And just to round it out for your specific question, I think women just don’t have the same expectations of men and furthermore seem to be less drawn in by physical appearance. Like some women claim to love “dad bods”, or I’ll actually hear some say they don’t like when a guy has six-pack abs... I think a lot of that is kinda bullshit, lmao, but I believe it more than I would if a guy was saying he prefers “mom bods.”

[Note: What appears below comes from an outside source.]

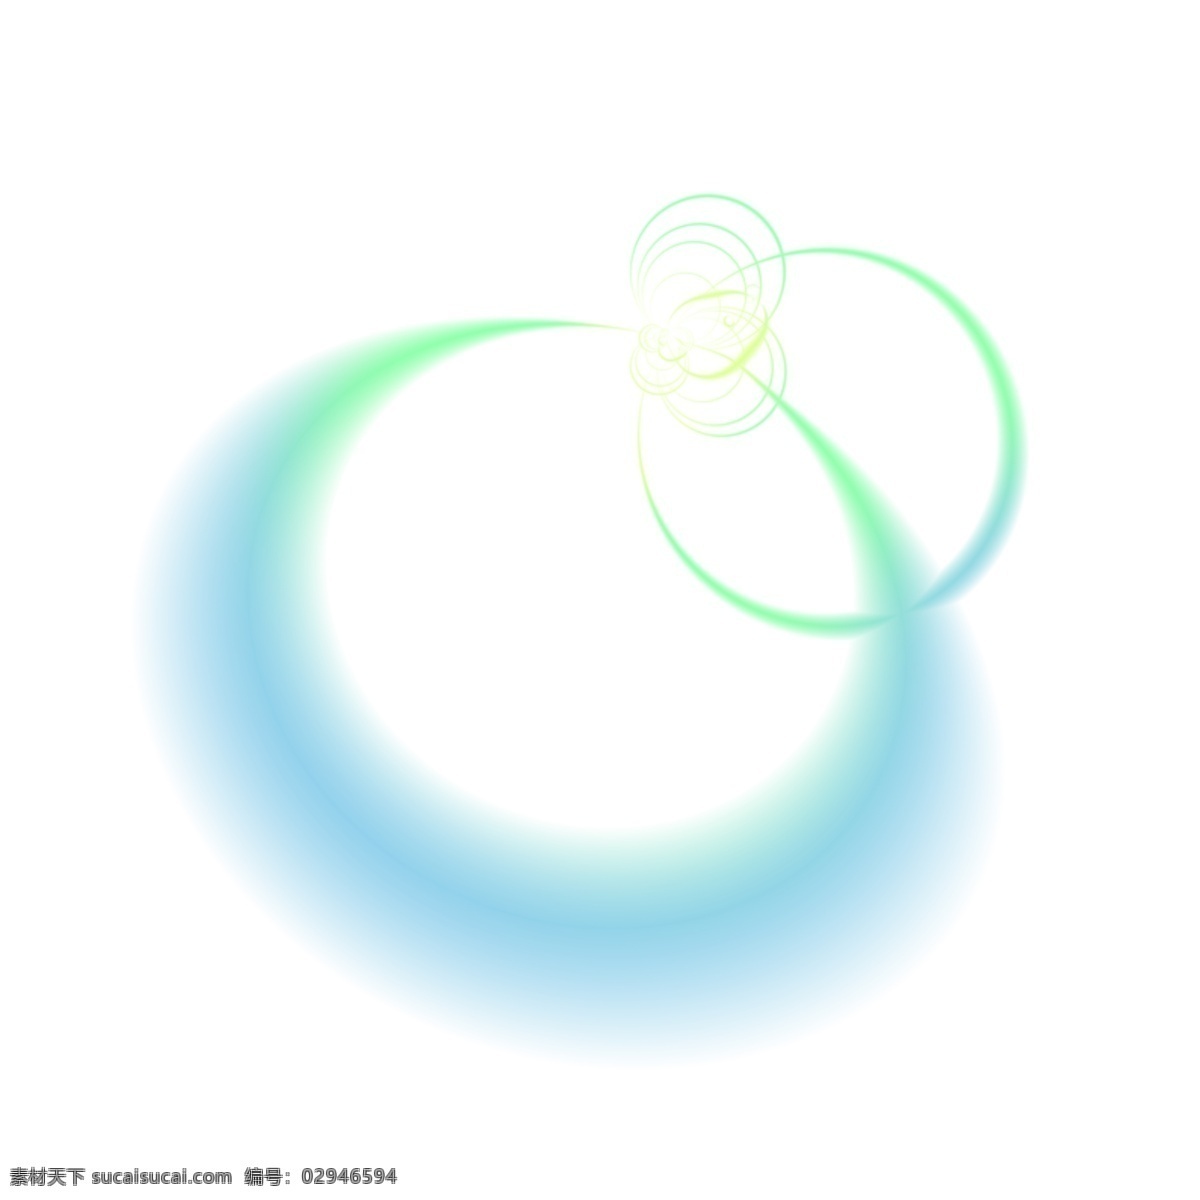 青色 发光 光圈 透明 底 圆环发光 光效 光环 免抠图 装饰图 光束 光点 插画 抠图 绿色

I think we all just have our things we’re saddled with in terms of impressing and attracting the opposite sex. For women, it’s largely physical attractiveness, and we might not be swayed just because something about your personality is impressive. For men, we’re expected to “be somebody” and maybe have status and money, to “be a good provider”, even if we’re less easy on the eyes. Both of these things are difficult to attain and may be next to impossible due to individual characteristics and limitations. You might be a super successful woman but you have a face like a bulldog, so she’s out for a lot of guys. A guy could look like Zac Efron or Channing Tatum, or whoever the girls are clamoring for these days, and they love how they look, but maybe the guy is broke or some other variant of “loser” in their eyes, so he’d be out. We all have our challenges, and it seems rigged against most of us, lmao, but eventually most of us reset our unrealistic expectations when it finally gets down to it. I see couples together all day long, and most of them aren’t Sofia Vergara and Joe Manganiello.
You do? I thought that was out dated. These days we like thick girls! Lol.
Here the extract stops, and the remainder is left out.